* _AVAILABLE DATA_:
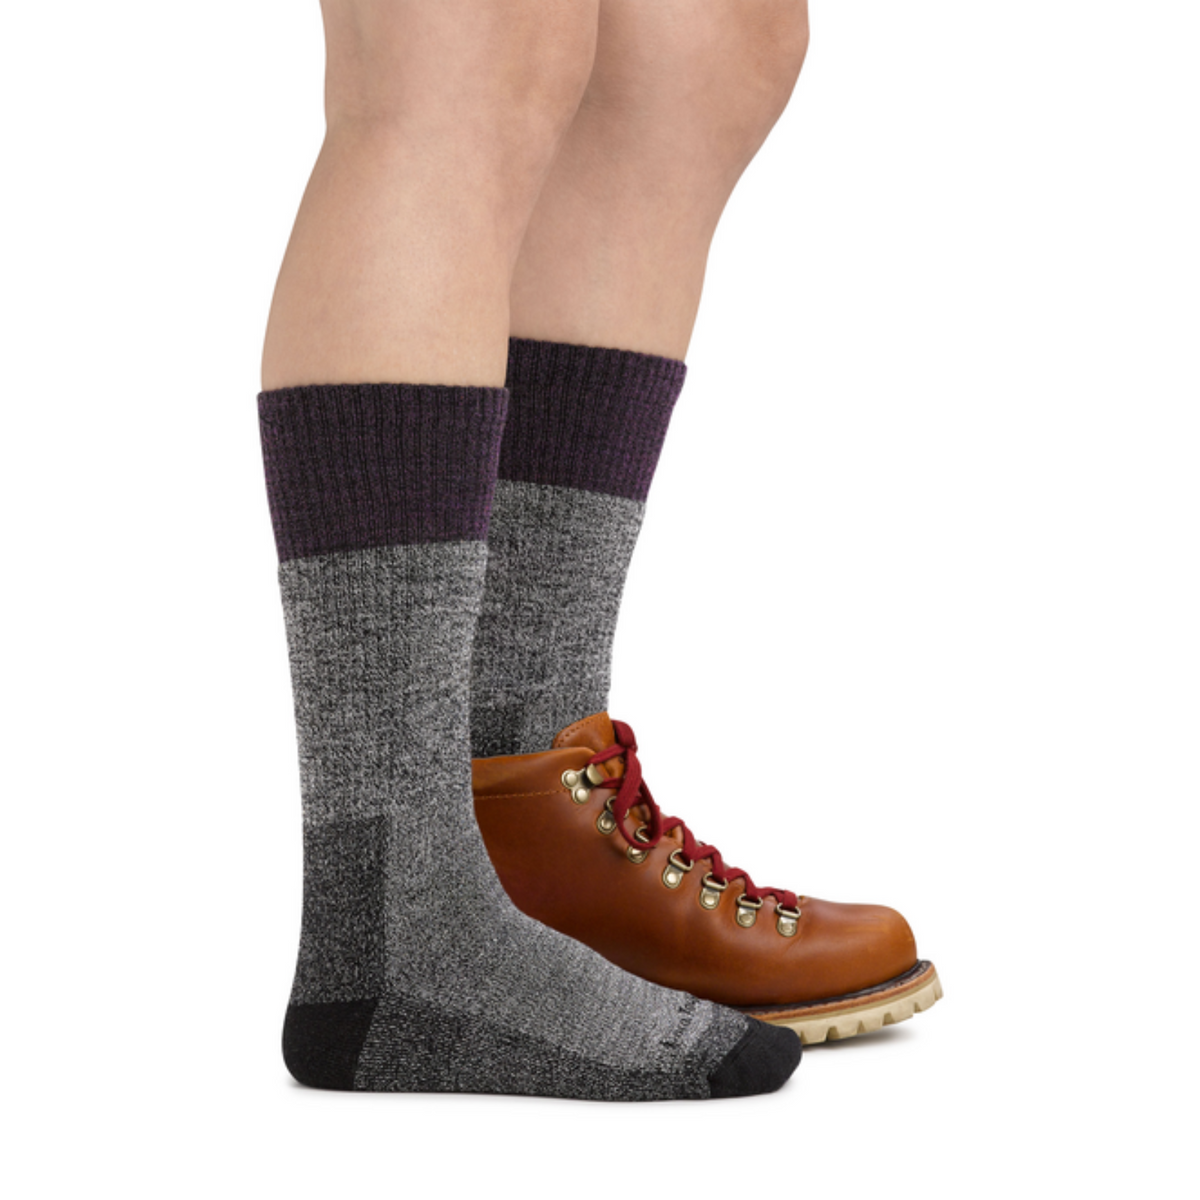 Darn Tough 1983 Scout Midweight Hiking Boot women&#39;s sock featuring grey sock with purple cuff worn by model wearing one hiking boot to show the size
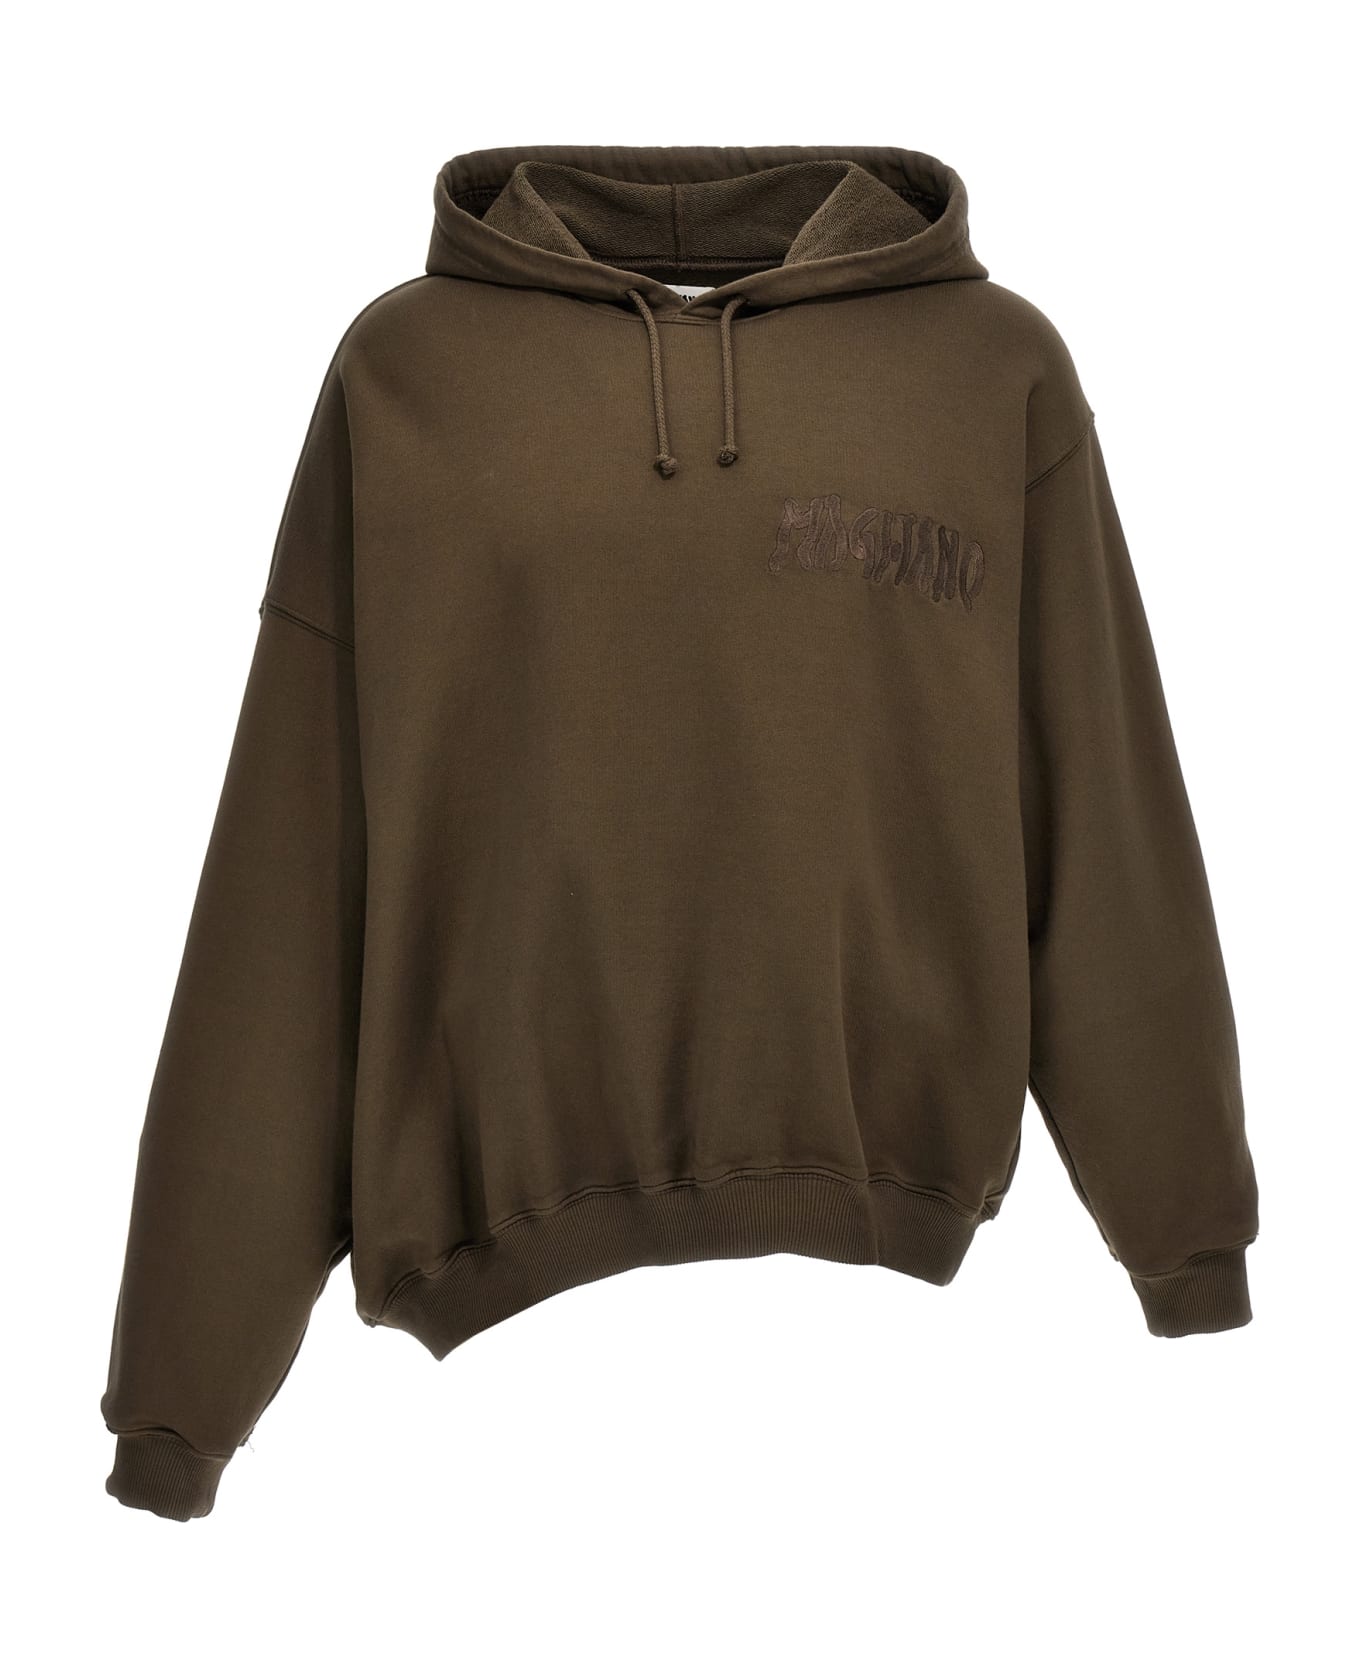 Magliano 'twisted' Hoodie - Brown
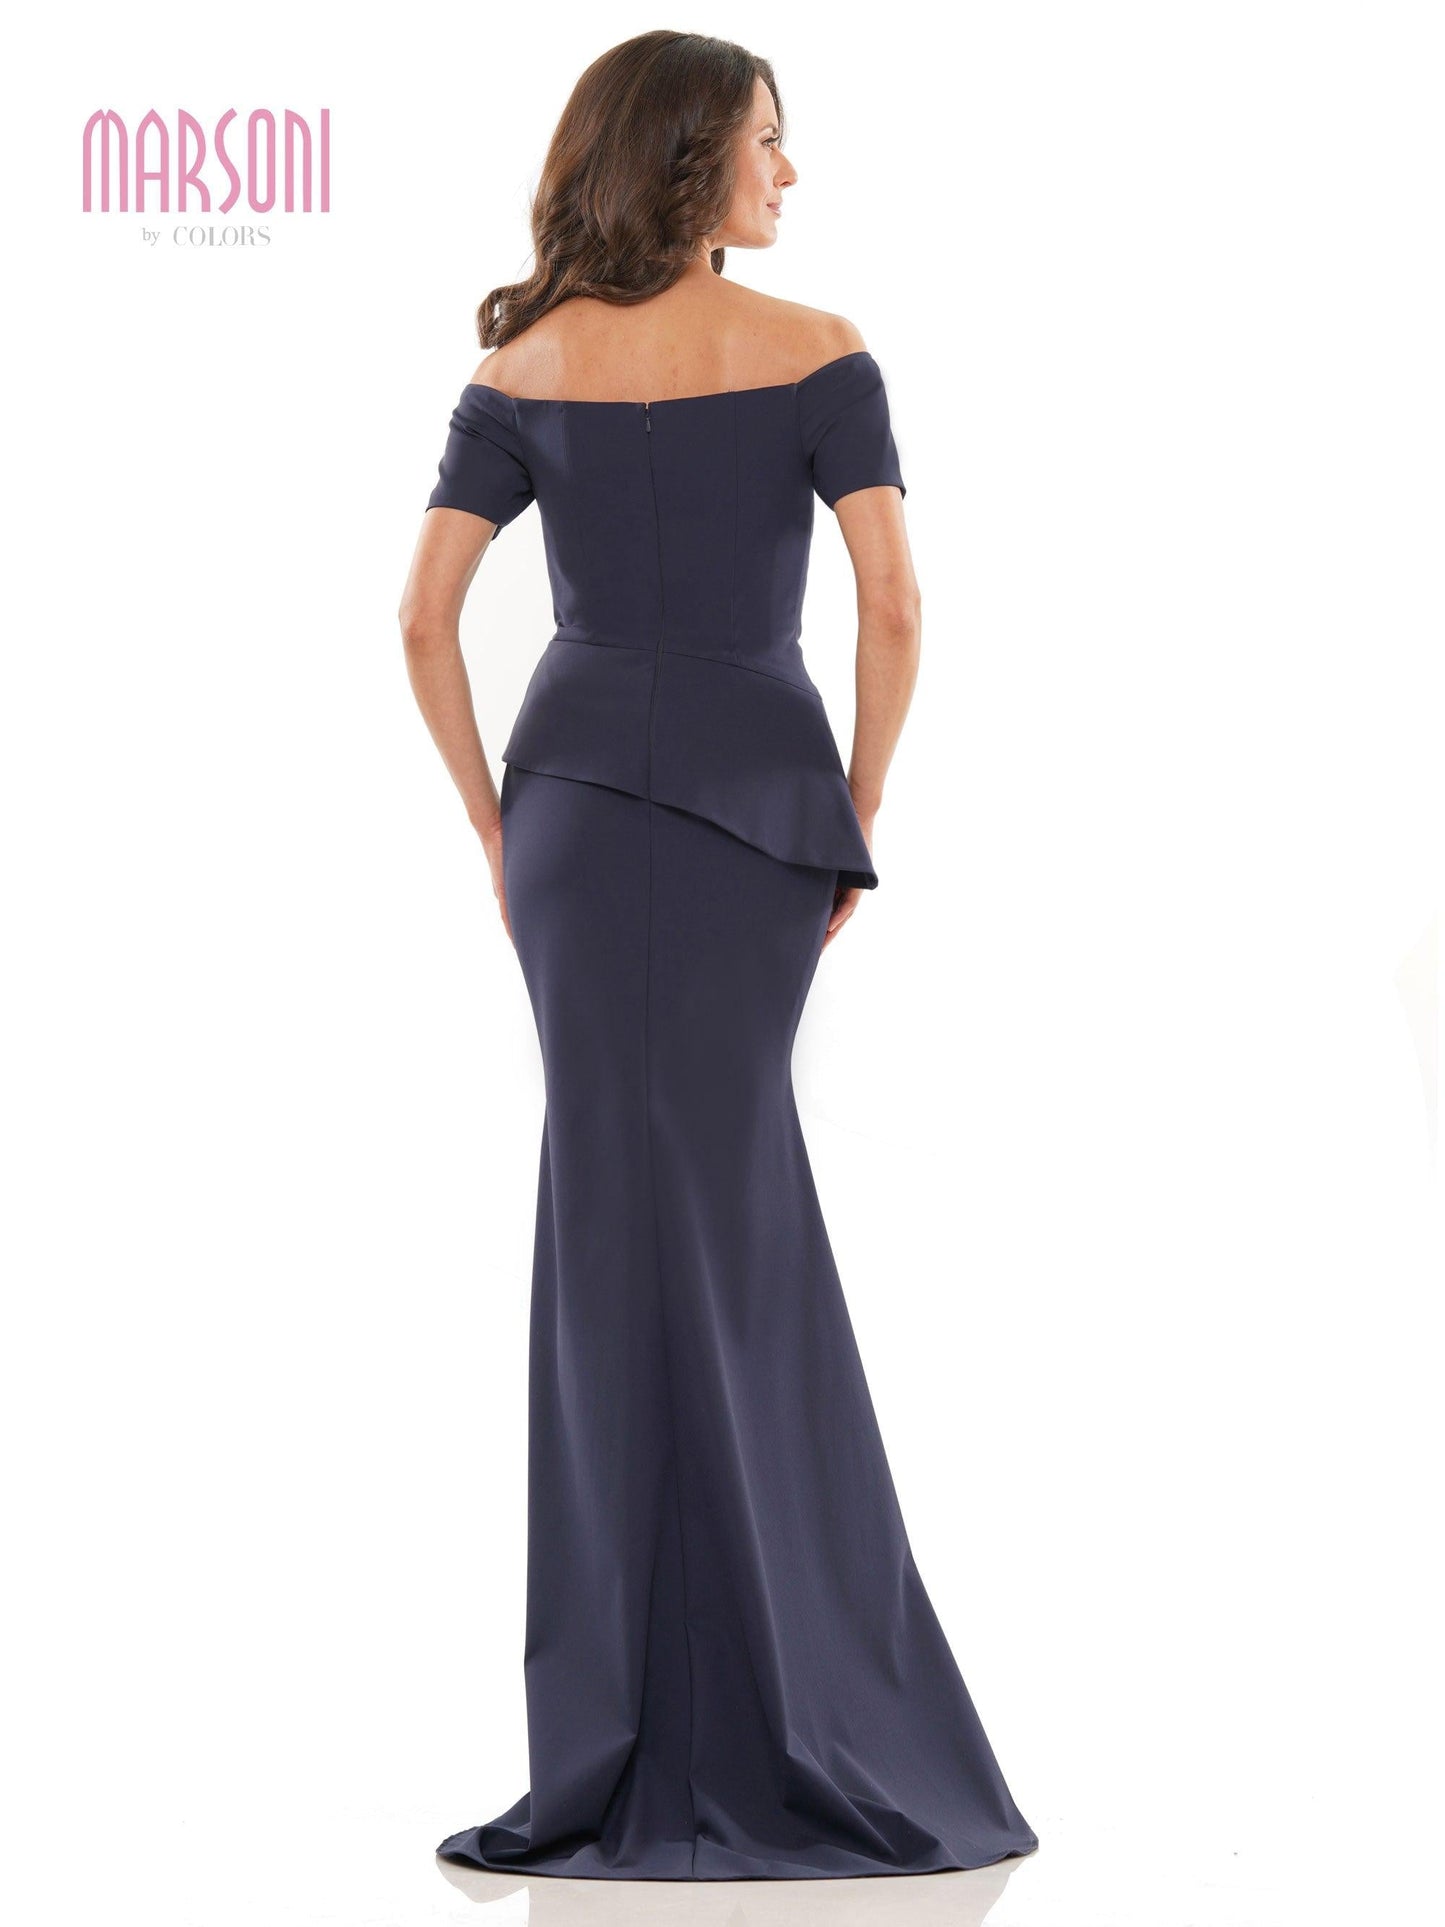 Marsoni Long Off Shoulder Fitted Formal Gown 1163 - The Dress Outlet

* _PROBLEM STATEMENT_:
For this exercise, retype the listing above word for word and omit the pictures.

* _EXERCISE OUTPUT_:
 Darn Tough 1983 Scout Midweight Hiking Boot women&#39;s sock featuring grey sock with purple cuff worn by model wearing one hiking boot to show the size
 Magliano 'twisted' Hoodie - Brown
 Marsoni Long Off Shoulder Fitted Formal Gown 1163 - The Dress Outlet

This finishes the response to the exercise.